И пока понемногу осмелевший, и освоившийся в сложившихся обстоятельствах Самоха обрисовывал возможный вариант ограбления склада, ушлый Ротан незаметно записывал всё это на диктофон мобильника. — Пригодится в случае чего, если понадобится выдать Самоху за организатора.

В итоге сошлись на том, что Саня выйдет на контакт с одним из охранников, приедет к тому во время службы под предлогом выпить — закусить, обсудить крайне выгодное предложение по работе; дескать, Самоха куда-то там устроился и хочет, де, переманить туда же и этого малого.

В решающий момент вместе с Самохой в помещение врываются вооружённые Туарег и Ротан в масках, вяжут охранника, опытный Самоха отключает сигнализацию, и они грузят в заранее подогнанную «Газель» все эти видики, компы и плазмы. У умного человека на месте Самохи возник бы вопрос — как можно оставлять в живых таких свидетелей как он и охранник, но бедняга не решился углубляться в детали и хотел только одного — поскорее оказаться дома, выбраться, выползти, из под постоянного пресса, этих отморозков и попробовать забыться сном…

В разгаре совещания мужская часть компании не сразу заметила долгого отсутствия за столом удалившейся в туалет Алёны. Девушка же времени зря не теряла. Пока троица обсуждала дела свои бренные, секс — бомба заметила на себе заинтересованный взгляд жгучего красавца, расположившегося за столиком у окна. Истосковавшаяся по нормальному мужскому вниманию, Алёна призывно уставилась на «абрека» (вот же мужчины — так мужчины! Один взгляд чего стоит! Не то что у лодыря Ротана — вечно масленые глазки со смешинкой. Так только шкодливые дети смотрят на мамино пирожное! — Вроде уже съел свою порцию, но можно и ещё одно срубать.

У «джигита» было продолговатое, благородное лицо и причёска «Под Гарсон», выдающая в нём кавказца. Когда жители европейской части СССР, носили длинные волосы — кавказцы стриглись, чуть не наголо. Зато теперь, когда на голубых, в широком смысле этого слова, экранах — замелькали бритые головы певцов и телеведущих, кавказцы, в пику им, стали носить длинные патлы!

Сын гор, не сводя с Алёны взгляда, неспешно поглощал через трубочку какой-то напиток и вдруг, усмехнувшись, послал ей воздушный поцелуй. Разумеется, вскоре девушке приспичило в туалет, тем более, что путь туда пролегал мимо томного красавца. Сказав увлечённой деловой беседой троице — «Я сейчас!», — Алёна выпорхнула из-за стола и, грамотно покачивая бёдрами, поплыла по залу в сторону туалетной комнаты.

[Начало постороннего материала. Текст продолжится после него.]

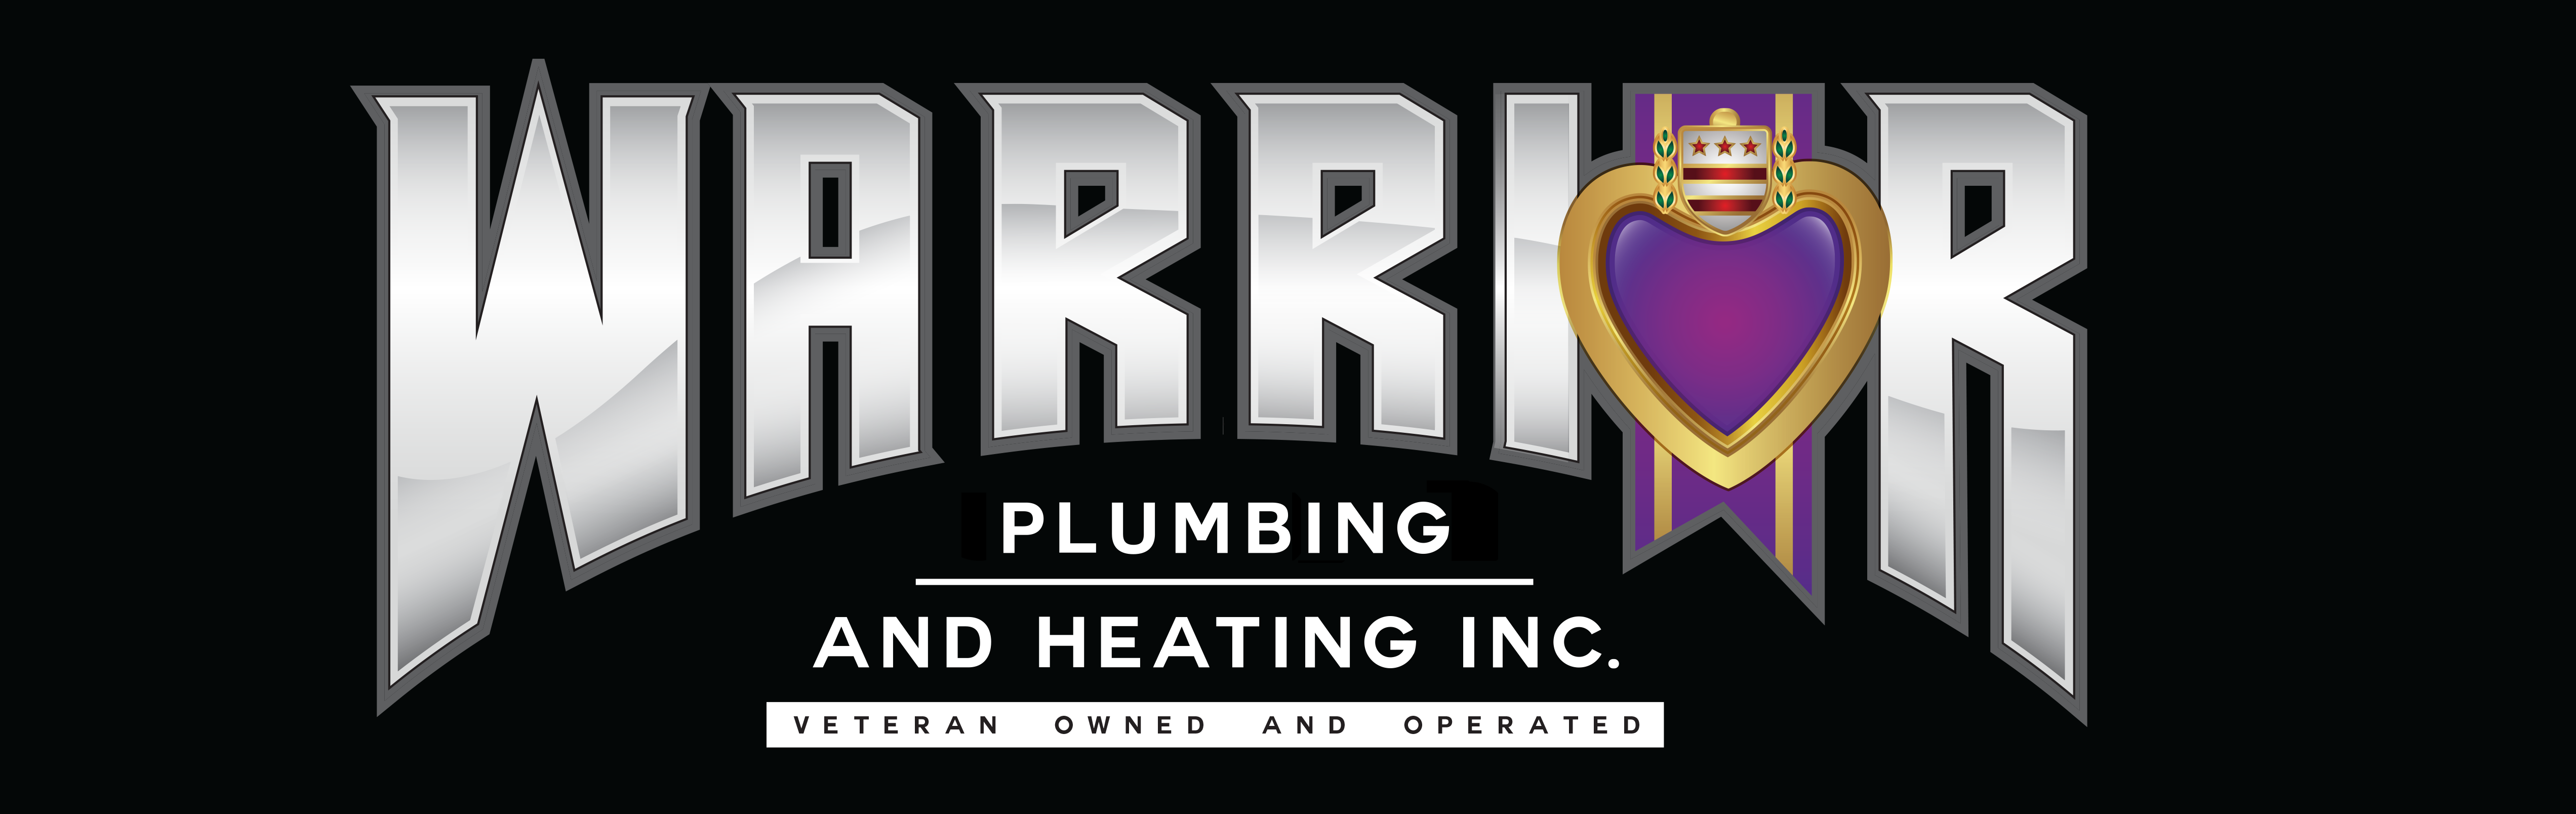 Warrior Plumbing & Heating

— Будэшь вазвращатся — падойди, пажалста! Мне надо тебе что-та сказат! — предложил «красавец», ничуть не заботясь, тем, что девушка пришла — аж с тремя мужиками! Пристально взглянув в карие очи джигита, Алёна неопределённо склонила голову и проследовала в туалетное помещение. Сделав главное дело (а может и второстепенное), Алёна воцарилась у огромного зеркала и торопливо поправила причёску; подвела губы. Придирчиво оглядев себя со всех сторон, она испытала какое-то характерное томление то ли в носоглотке, а то ли под ложечкой и решительно отправилась в зал навстречу новым приключениям. Девушка ещё и сама не знала, подойдёт ли в итоге к кавказцу, но увидев, что он сидит вполоборота и демонстративно её дожидается, она замедлила около его стола шаг.

— Я вас слушаю…

Сын гор сделал приглашающий жест — «к столу».

— Если вы заметили, я здесь не одна! — сказала Алёна.

— Не волнуйтесь, я вас долго не задержу, — отвечал нахал и, выйдя из-за стола, отодвинул для неё стул, одновременно взяв девушку за локоть и мягко принудив присесть за стол. На Алёнину компанию он даже не смотрел. А напрасно. Если Ротан и Туарег сидели к столику кавказца спинами, то Самоха был обращён лицом и заметил происходящее. Правда сначала он не знал, как реагировать и чего ждать от Алёны дальше, а потому решил помолчать.

Между тем процесс знакомства «Элен» с местной экзотикой продолжался. Оказалось, что чернобрового красавца с причёской а-ля Мирей Матьё зовут Яхья. Родом он действительно с Кавказа, из чеченского села. В Москве же он обосновался не так давно; сперва — принимал участие в «экстремальных поединках», как бывший кик-боксер, а теперь друзья подтянули его к коммерции.

Алёне сразу не понравилось имя Яхья! — Идиотизм какой-то, — думала «ультраутончённая» девушка, глядя на красавца. — Существуют же и для них нормальные имена: Руслан, Беслан, Аслан… И тут какой-то Яхья! Не в кассу! Совсем ему не идёт! Хорошо хоть не Насрулла…

О себе она успела рассказать не многое: зовут Элен, работала в сфере дизайна, а потом надоело. Москву недолюбливает…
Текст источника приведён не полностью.